3.4 KiB
geoclustering
📍 command-line tool for clustering geolocations.
Features
- Uses DBSCAN or OPTICS to perform clustering.
- Outputs clustering results as
json,txtandgeojson. - Creates a kepler.gl visualization of clusters.
Clustering Method
A cluster is created when a certain number of points (=> --size) each are within a given distance (=> --distance) of at least one other point in the cluster.
Install
Clone the repository:
git clone https://github.com/bellingcat/geoclustering
cd geoclustering
Install keplergl build dependencies:
# macos
brew install proj gdal
Install project with pip:
pip install .
Usage
Usage: geoclustering [OPTIONS] FILENAME
Tool to cluster geolocations. A cluster is created when a certain number of
points (--size) each are within a given distance (--distance) of at least
one other point in the cluster. Input is supplied as a csv file. At a
minimum, each row needs to have a 'lat' and a 'lon' column. Other rows are
reflected to the output.
Options:
-d, --distance FLOAT (in km) Max. distance between two points in
a cluster. [required]
-s, --size INTEGER Min. number of points in a cluster.
[required]
-o, --output PATH Output directory for results. Default:
./output
-a, --algorithm [dbscan|optics]
Clustering algorithm to be used. `optics`
produces tighter clusters but is slower.
Default: dbscan
--open Open the generated visualization in the
default browser automatically.
--debug Print debug output.
--help Show this message and exit.
Input
Inputs are supplied as a .csv file.
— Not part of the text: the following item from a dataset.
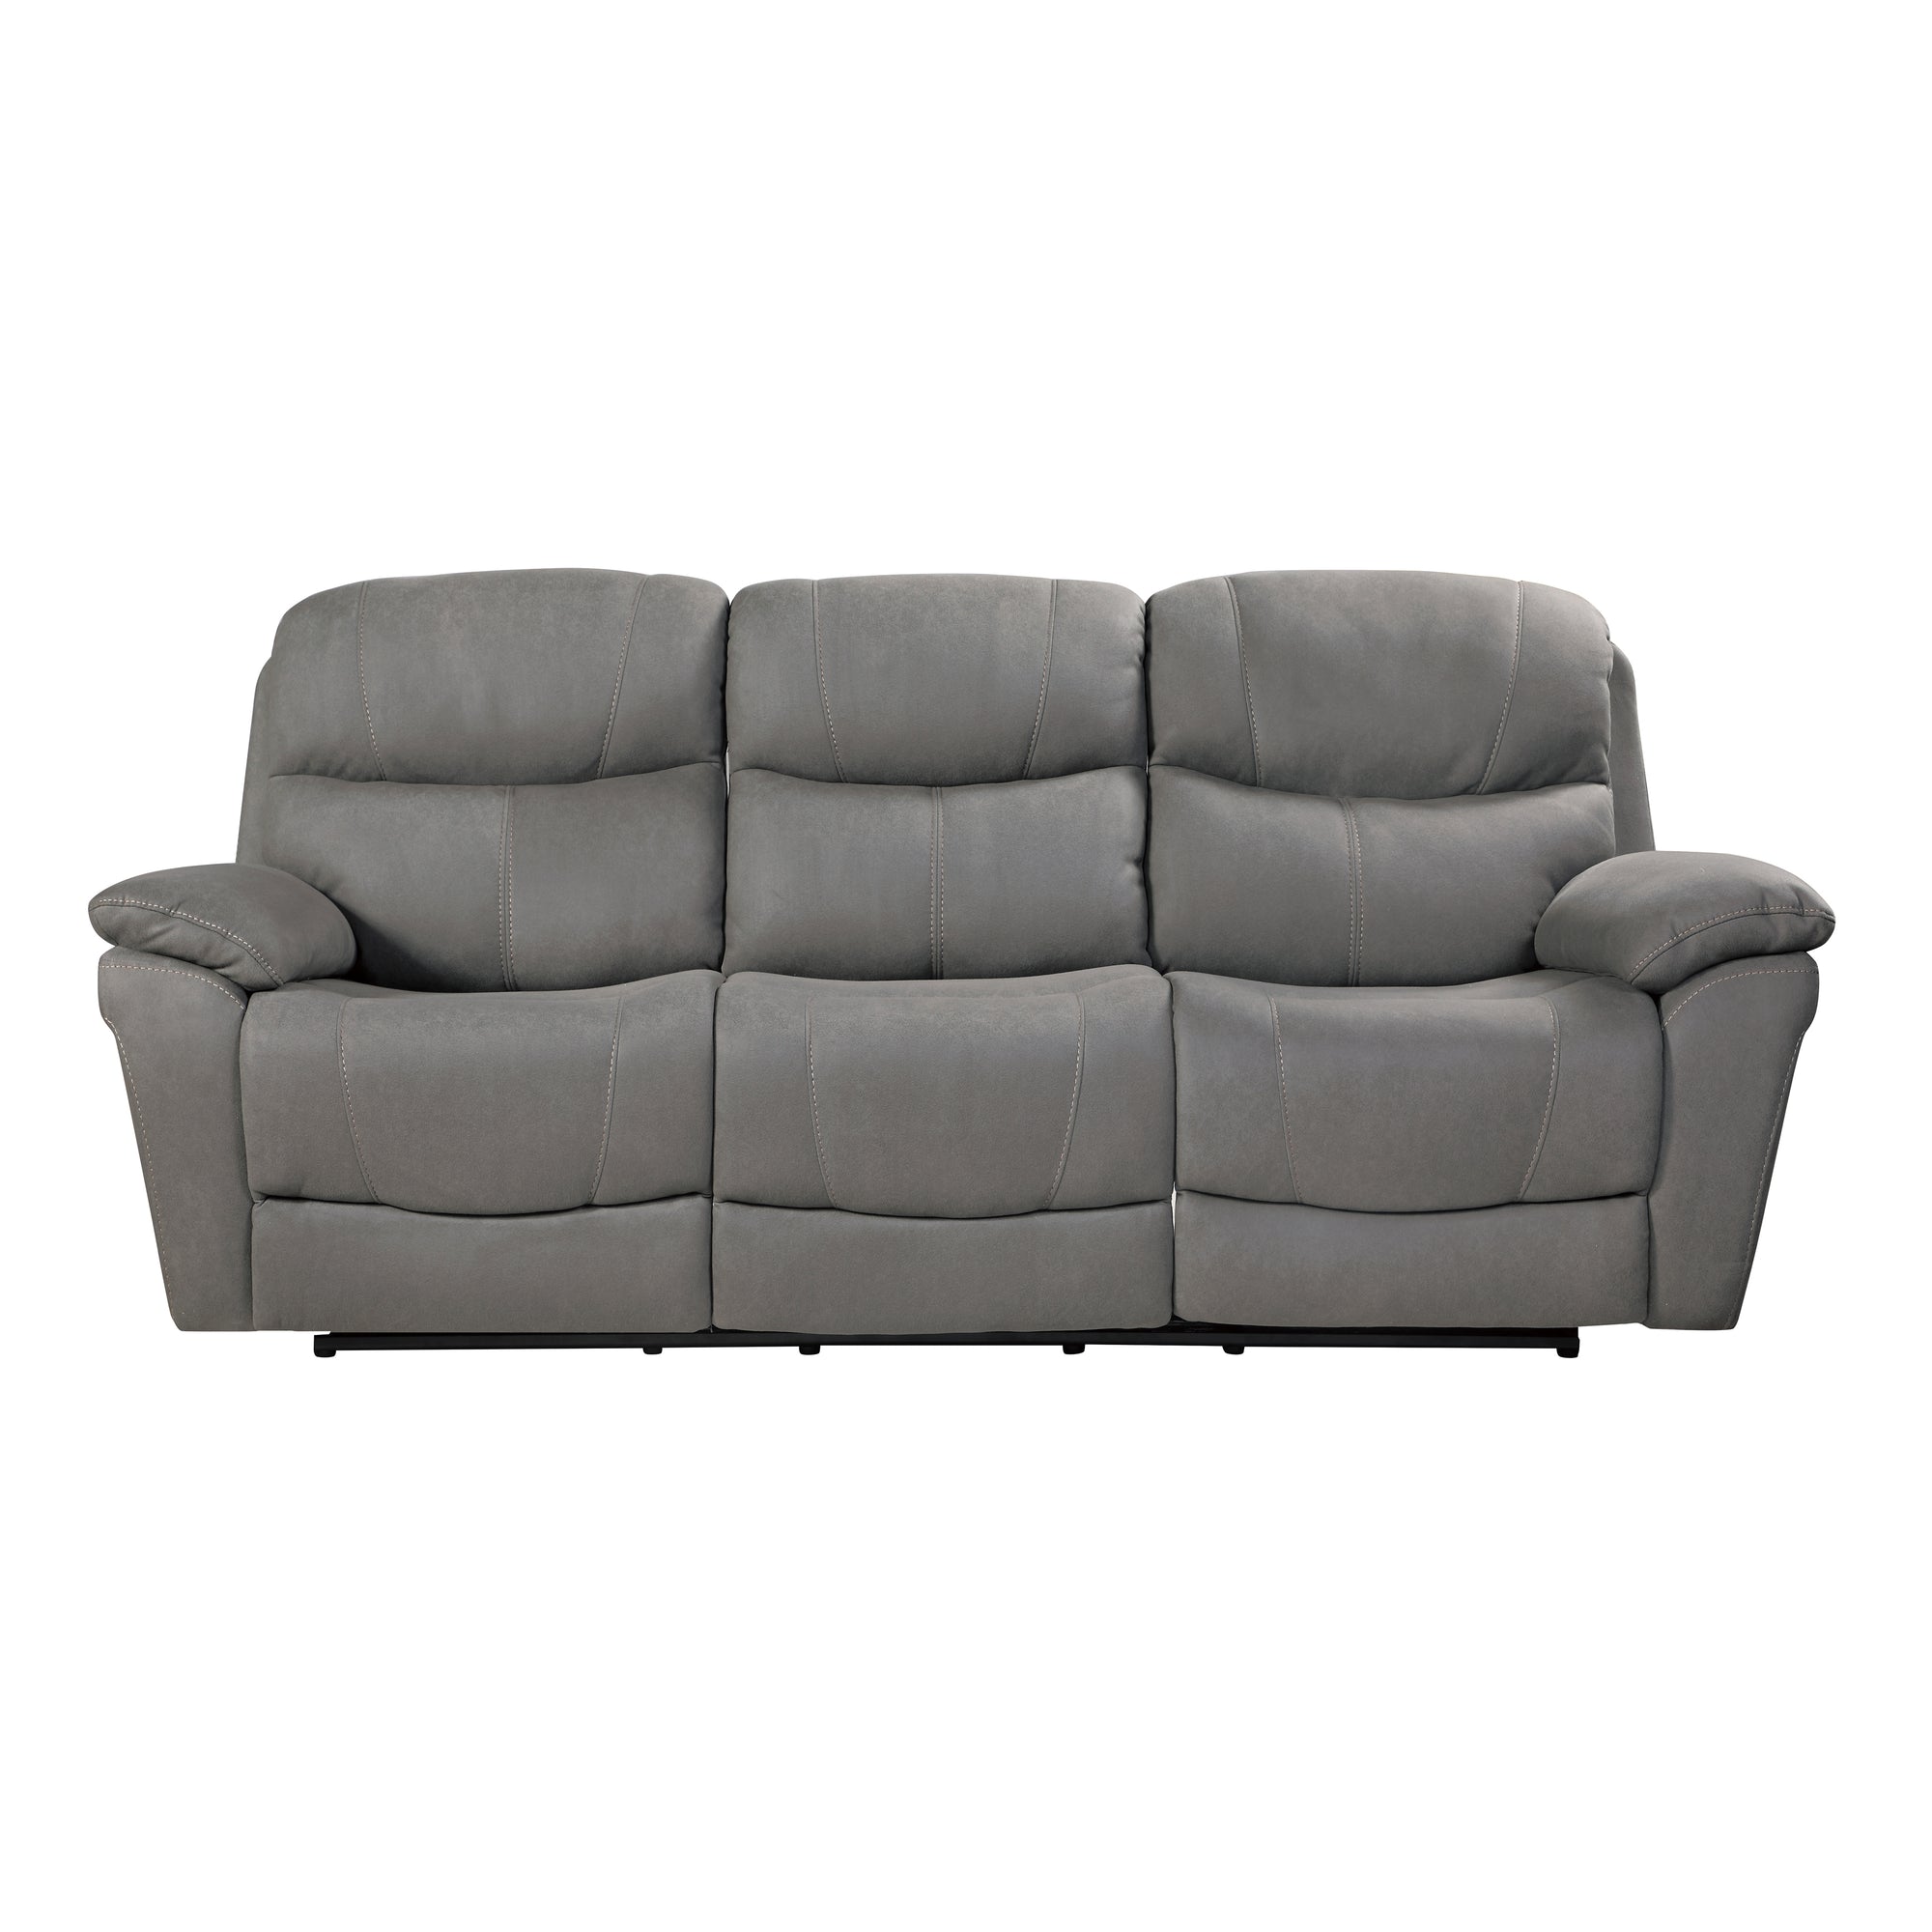 Mono Power Double Reclining Sofa with Power Headrests

The only required fields are lat and lon, all other fields are reflected to the output.
id,name,lat,lon
1,Bonnibelle Mathwen,40.1324085,64.4911086
...
Output
If at least one cluster was found, the tool outputs a folder with json, geojson, text and a kepler.gl html files.
JSON
Encodes an array of clusters, each containing an array of points.
[
{
"cluster_id": 0,
"points": [
{
"id": 9,
"name": "Rosanna Foggo",
"lat": -6.2074293,
"lon": 106.8915948
}
]
}
]
GeoJSON
Encodes a single FeatureCollection, containing all points as Feature objects.
{
"type": "FeatureCollection",
"features": [
{
"type": "Feature",
"geometry": {
"type": "Point",
"coordinates": [
106.891595,
-6.207429
]
},
"properties": {
"id": 9,
"name": "Rosanna Foggo",
"cluster_id": 0
}
}
]
}
txt
Encodes cluster as blocks separated by a newline, where each line in a cluster block contains one point.
Cluster 0
id 9, name Rosanna Foggo, lat -6.2074293, lon 106.8915948
// ...